Work instruction => The following data is to be repeated exactly, its pictures excluded.

Supplied data =>
=== Section Start ===

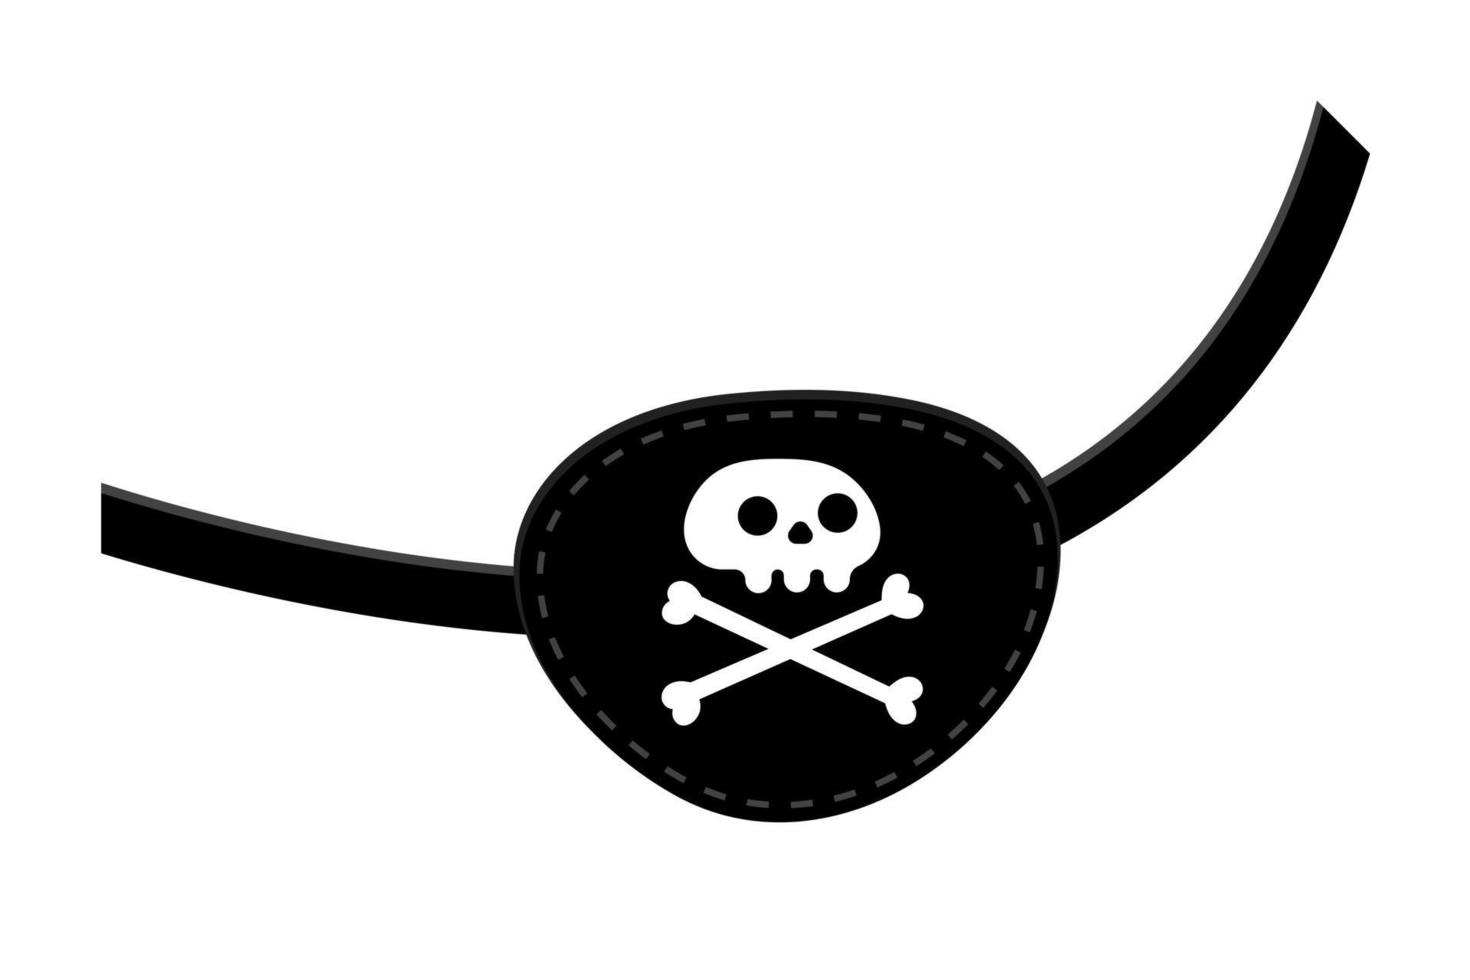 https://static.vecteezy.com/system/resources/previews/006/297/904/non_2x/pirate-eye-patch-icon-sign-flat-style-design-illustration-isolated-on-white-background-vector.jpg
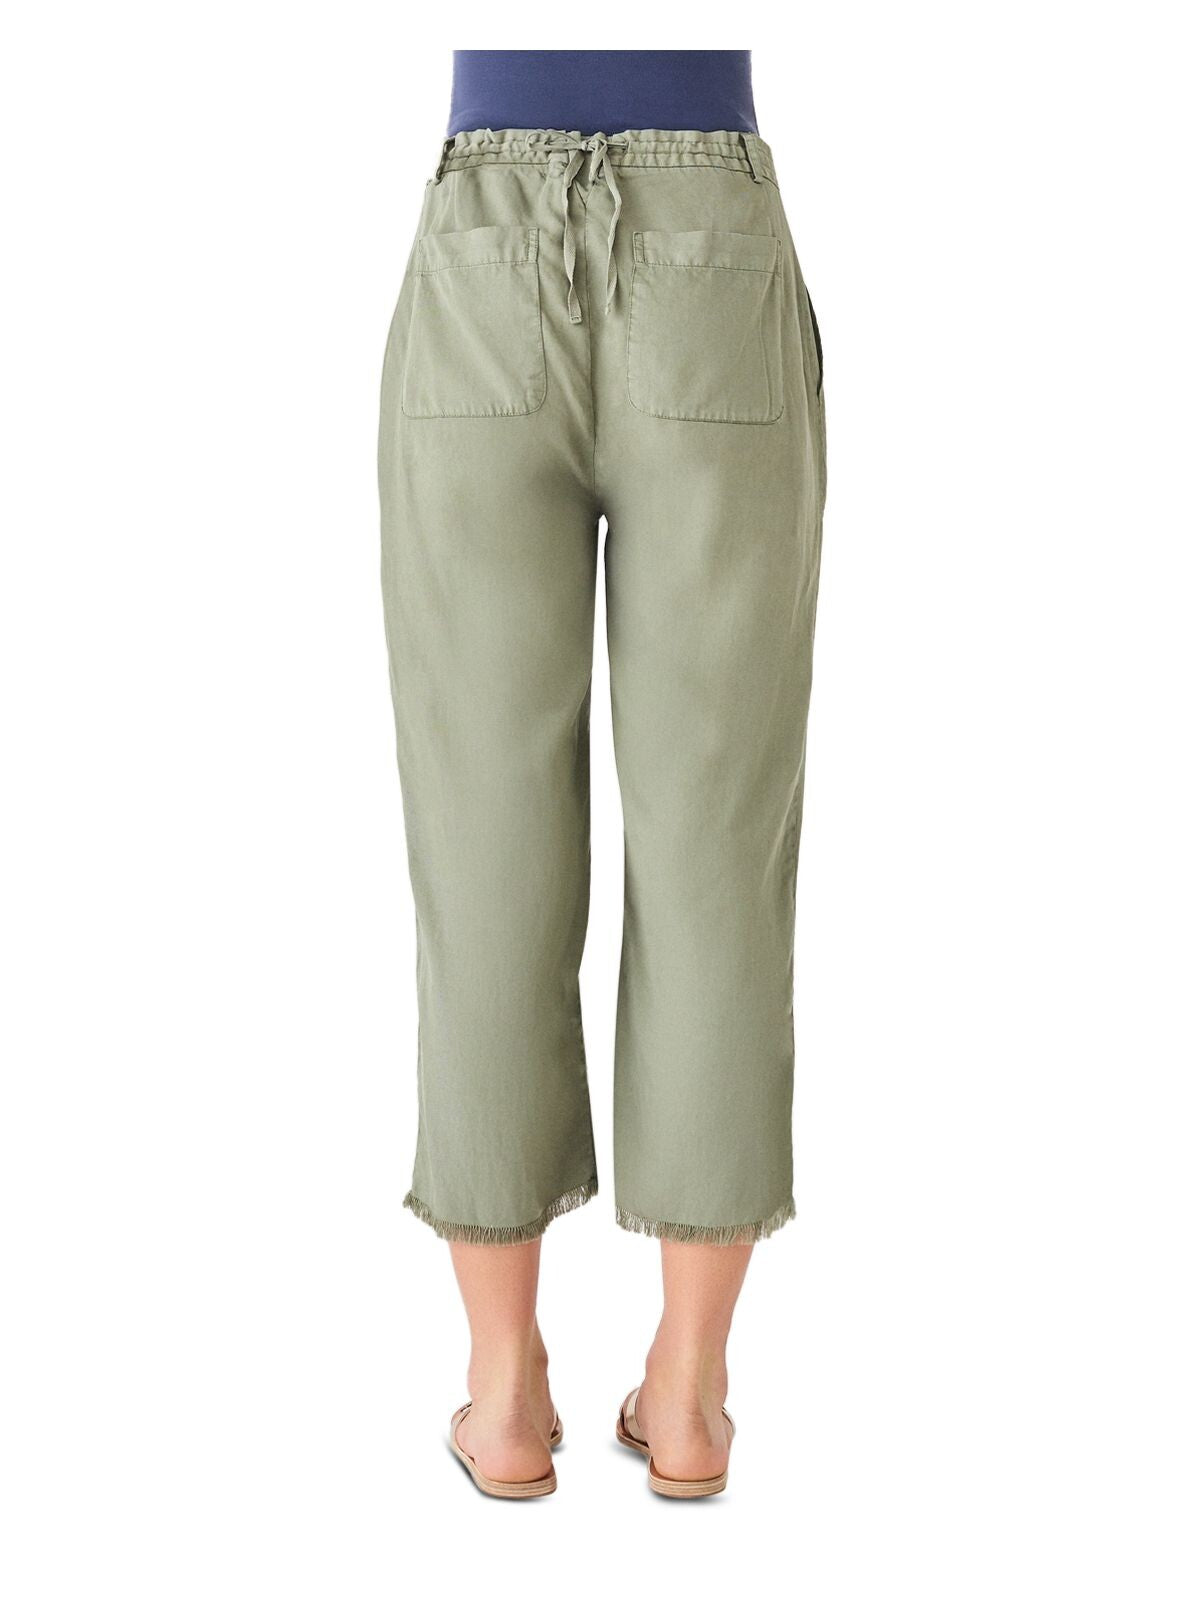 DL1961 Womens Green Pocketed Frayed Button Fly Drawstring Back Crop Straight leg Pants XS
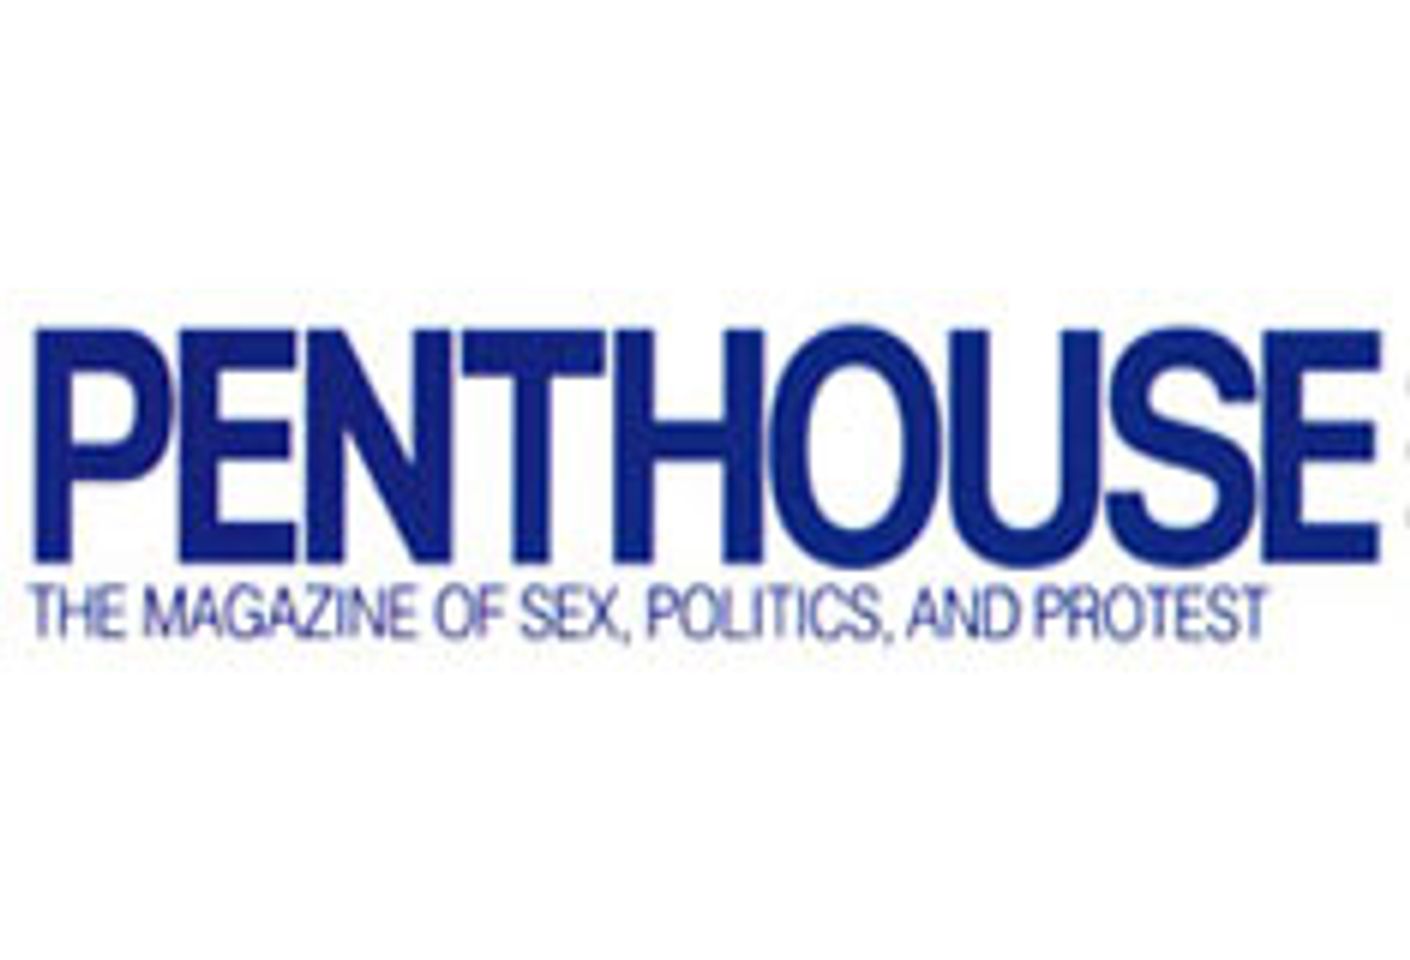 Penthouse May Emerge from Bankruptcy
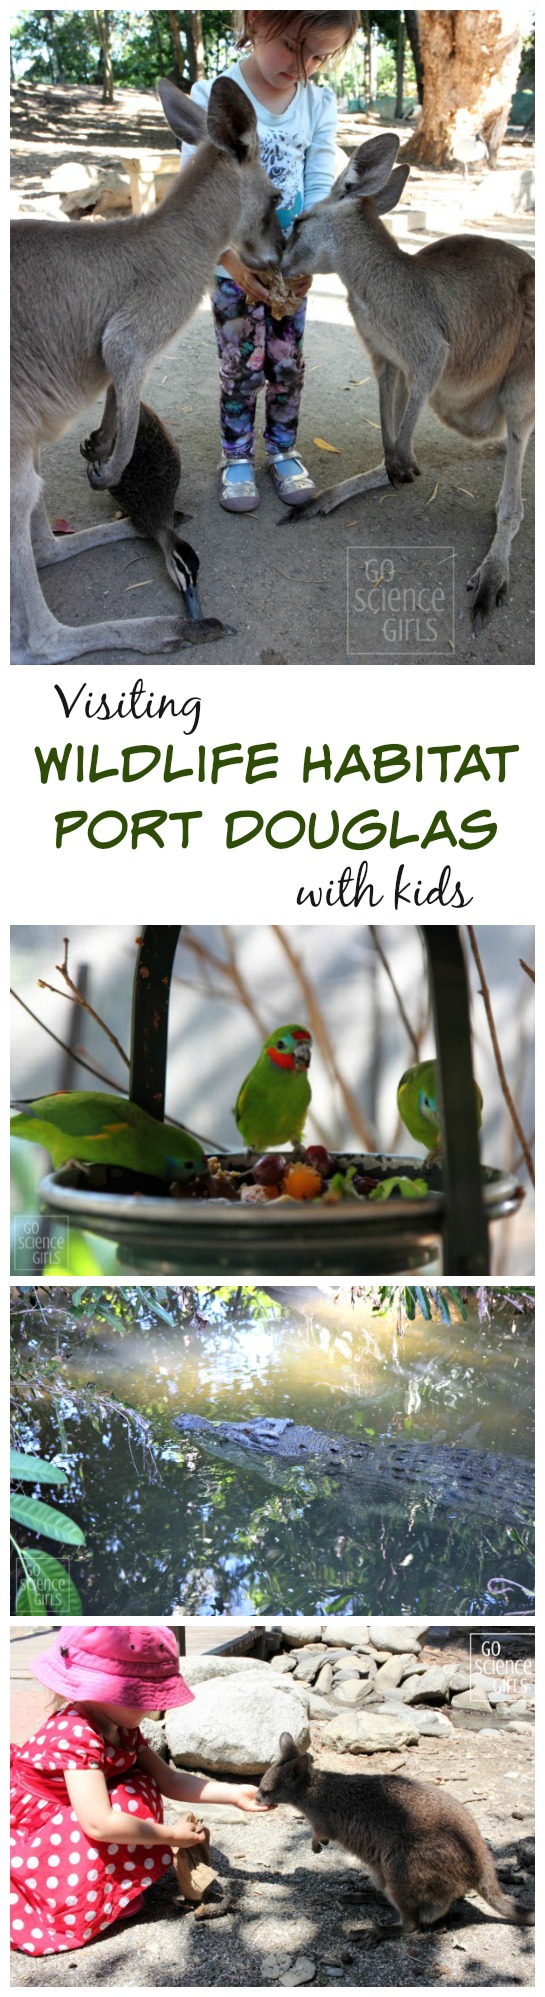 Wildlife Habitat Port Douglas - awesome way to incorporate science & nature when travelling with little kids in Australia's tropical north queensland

=== Section End ===

Task solution =>
 https://static.vecteezy.com/system/resources/previews/006/297/904/non_2x/pirate-eye-patch-icon-sign-flat-style-design-illustration-isolated-on-white-background-vector.jpg
 DL1961 Womens Green Pocketed Frayed Button Fly Drawstring Back Crop Straight leg Pants XS
 Penthouse May Emerge from Bankruptcy
 Wildlife Habitat Port Douglas - awesome way to incorporate science & nature when travelling with little kids in Australia's tropical north queensland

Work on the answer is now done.